_What you are asked to do_: As you work through the listing below, copy each line exactly and drop the images.

_Source data_:

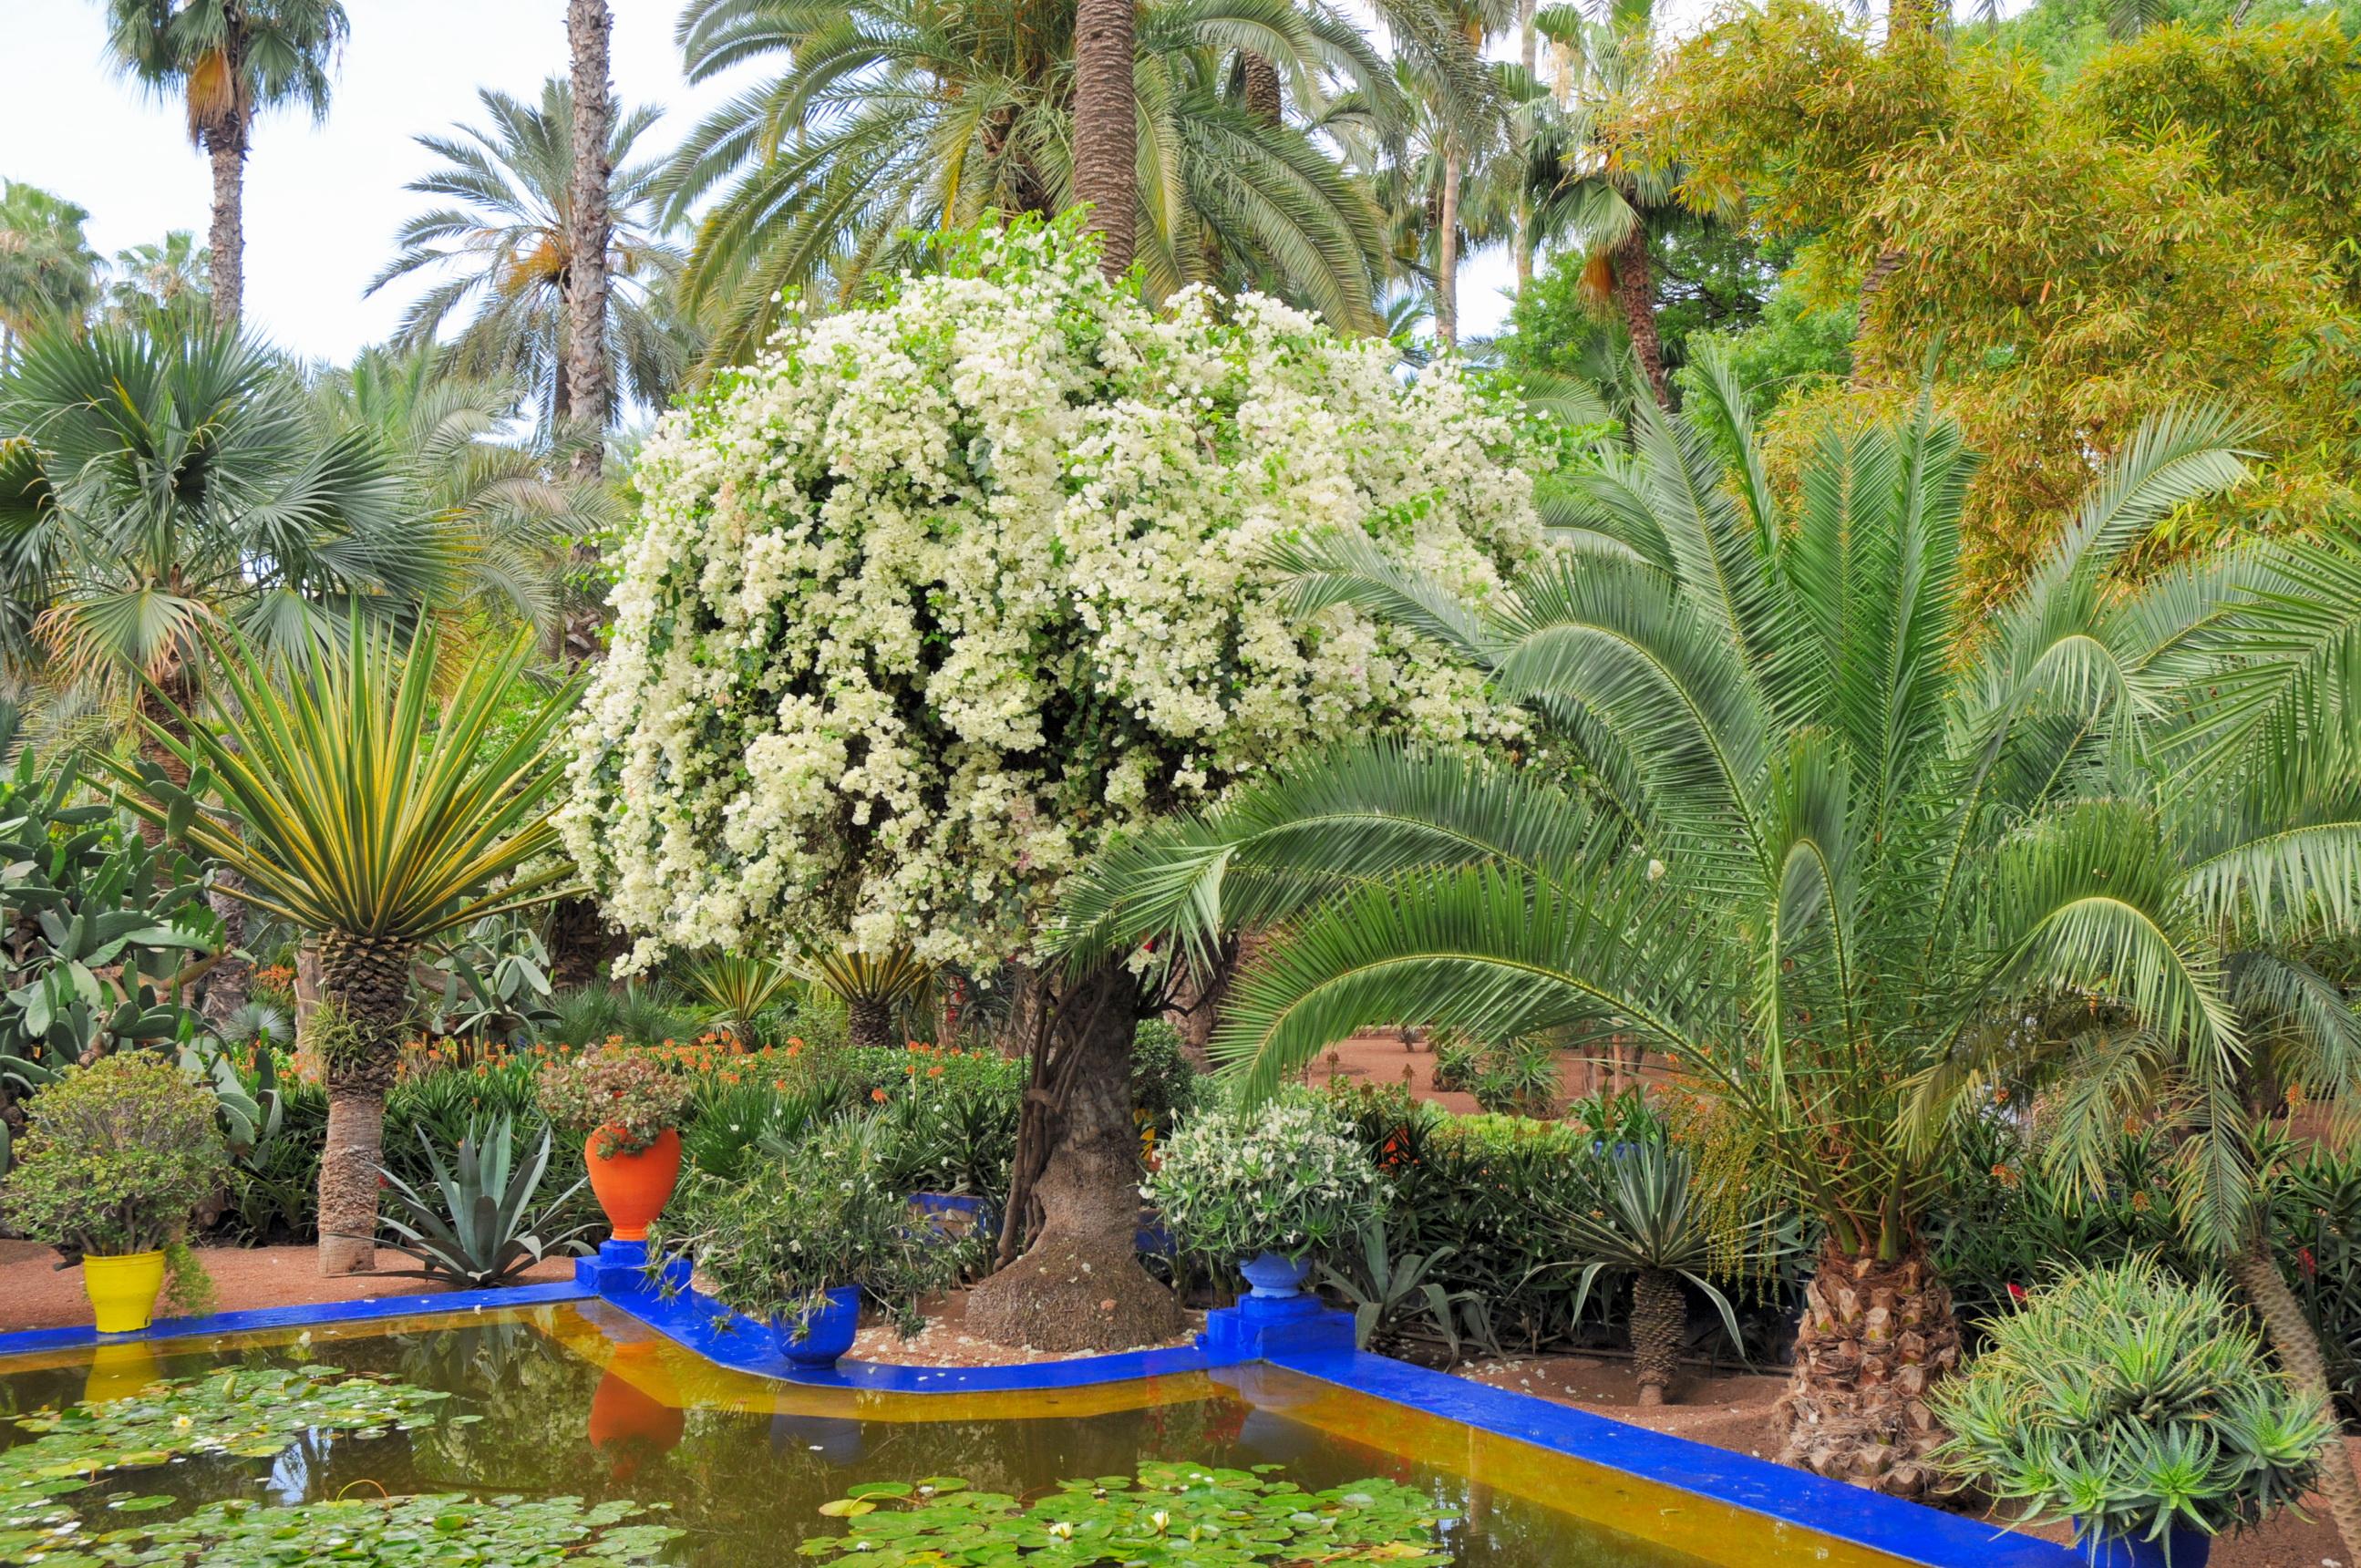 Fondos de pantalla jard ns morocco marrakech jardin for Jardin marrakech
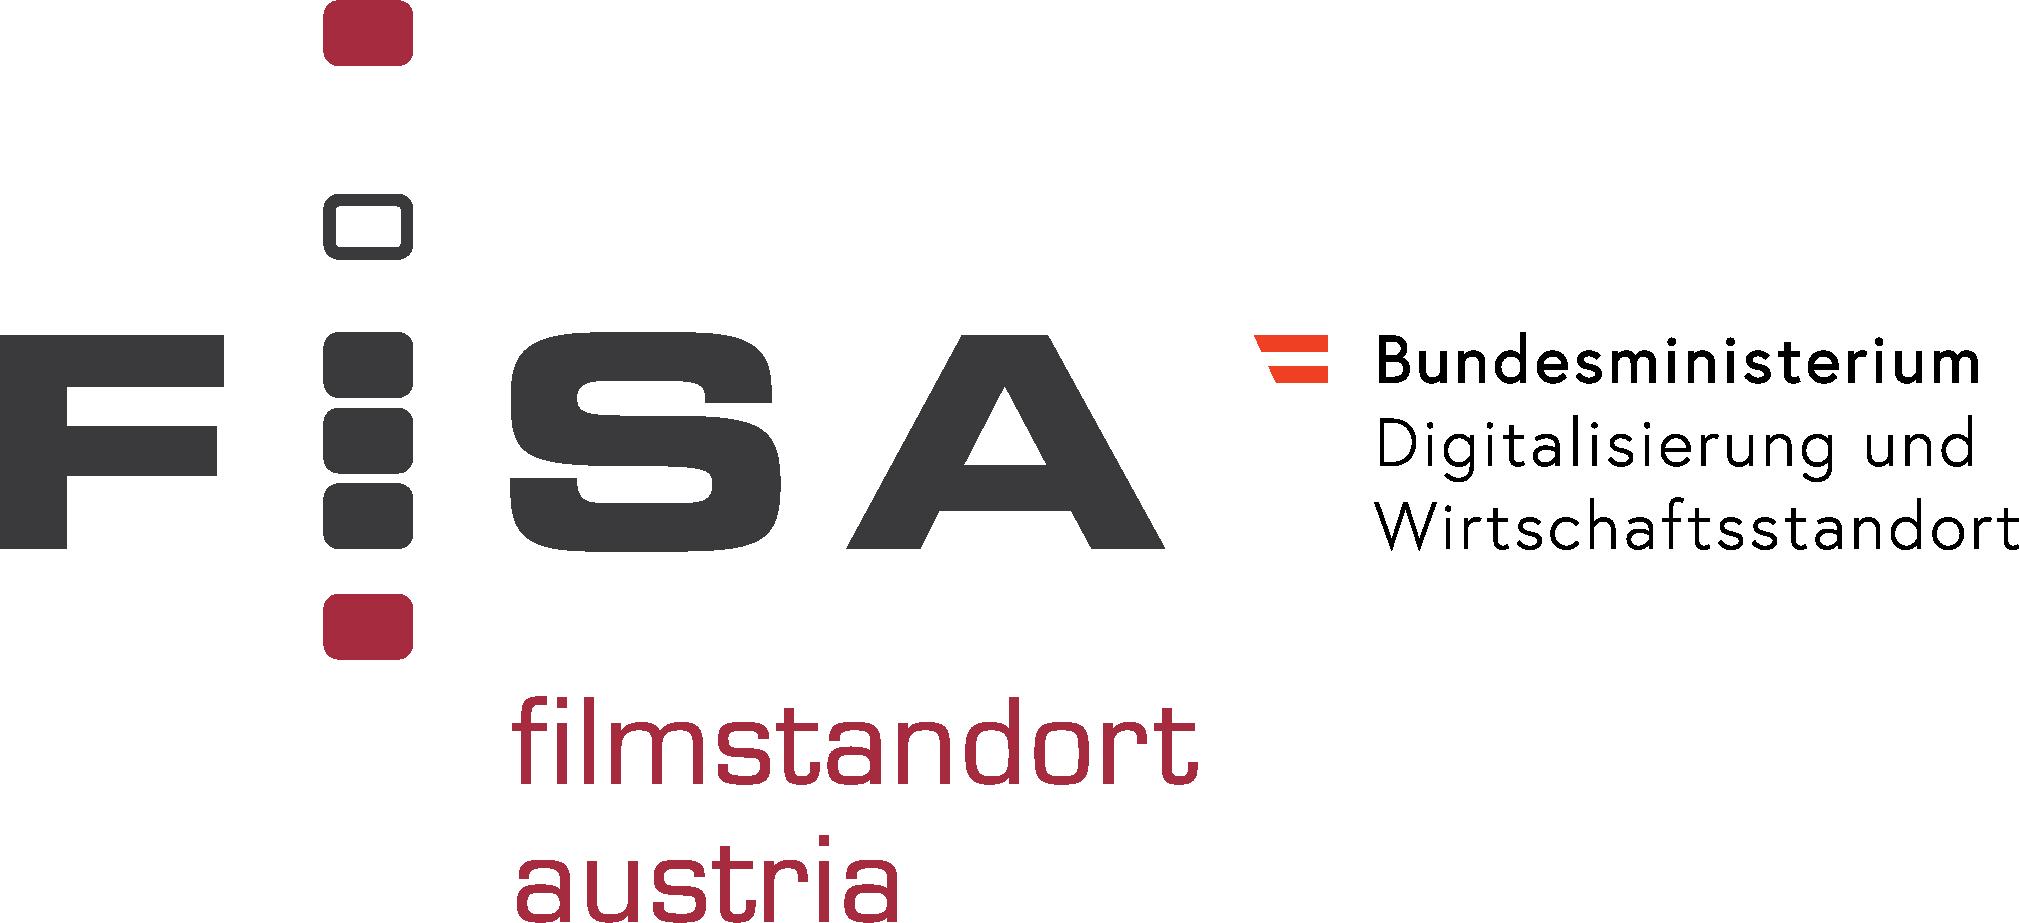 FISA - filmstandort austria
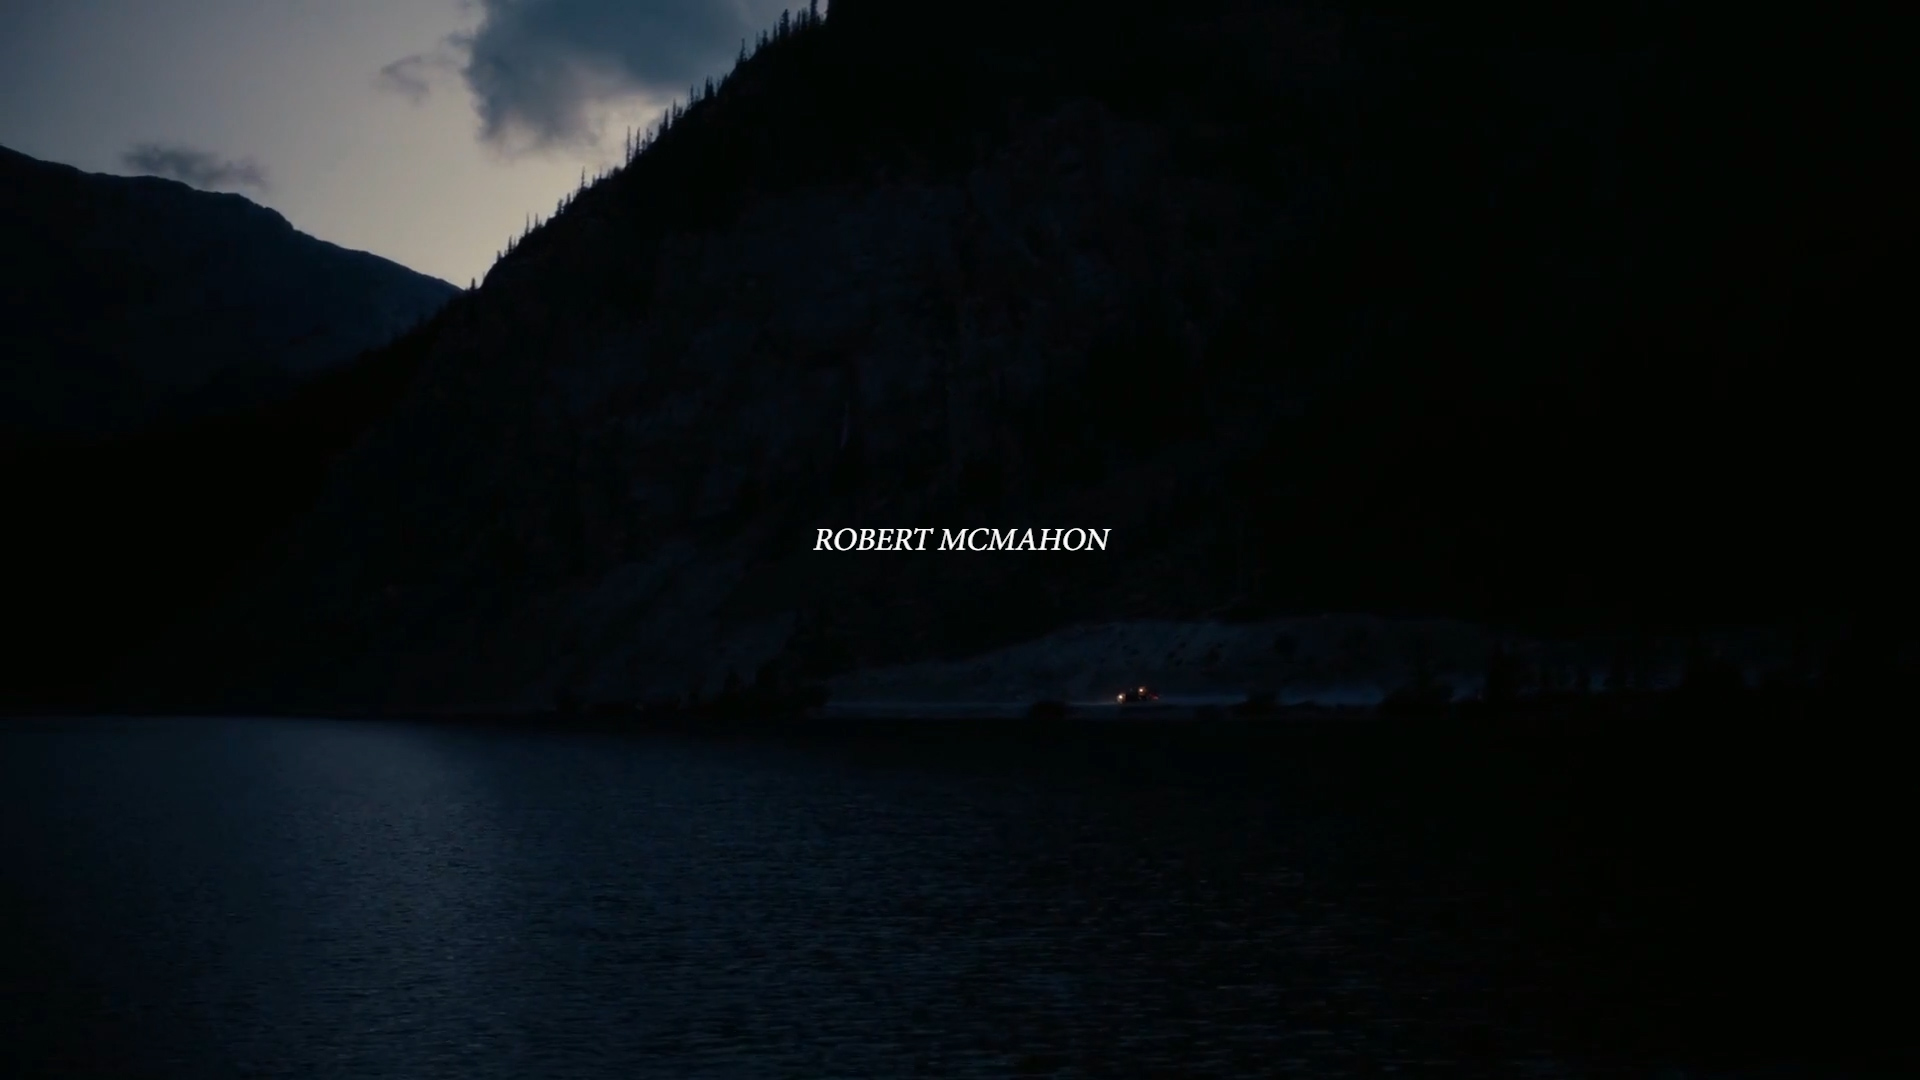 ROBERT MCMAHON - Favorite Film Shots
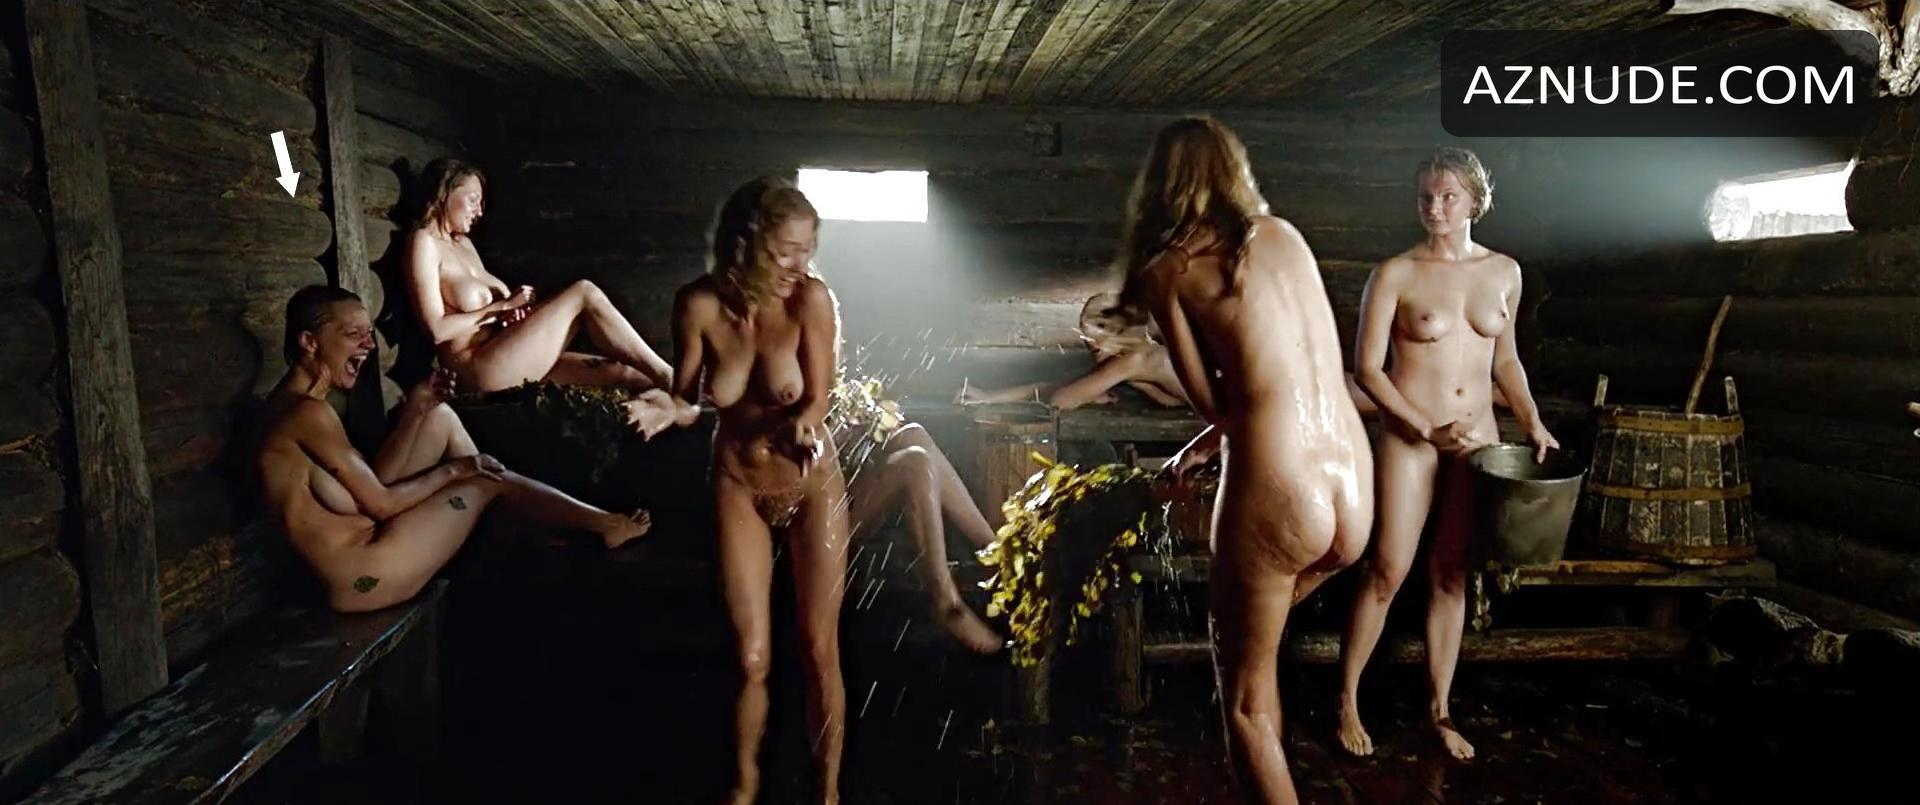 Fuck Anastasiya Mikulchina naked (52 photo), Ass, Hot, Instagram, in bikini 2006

_Your response_:
 Fondos de pantalla jard ns morocco marrakech jardin for Jardin marrakech
 FISA - filmstandort austria
 ROBERT MCMAHON - Favorite Film Shots
 Fuck Anastasiya Mikulchina naked (52 photo), Ass, Hot, Instagram, in bikini 2006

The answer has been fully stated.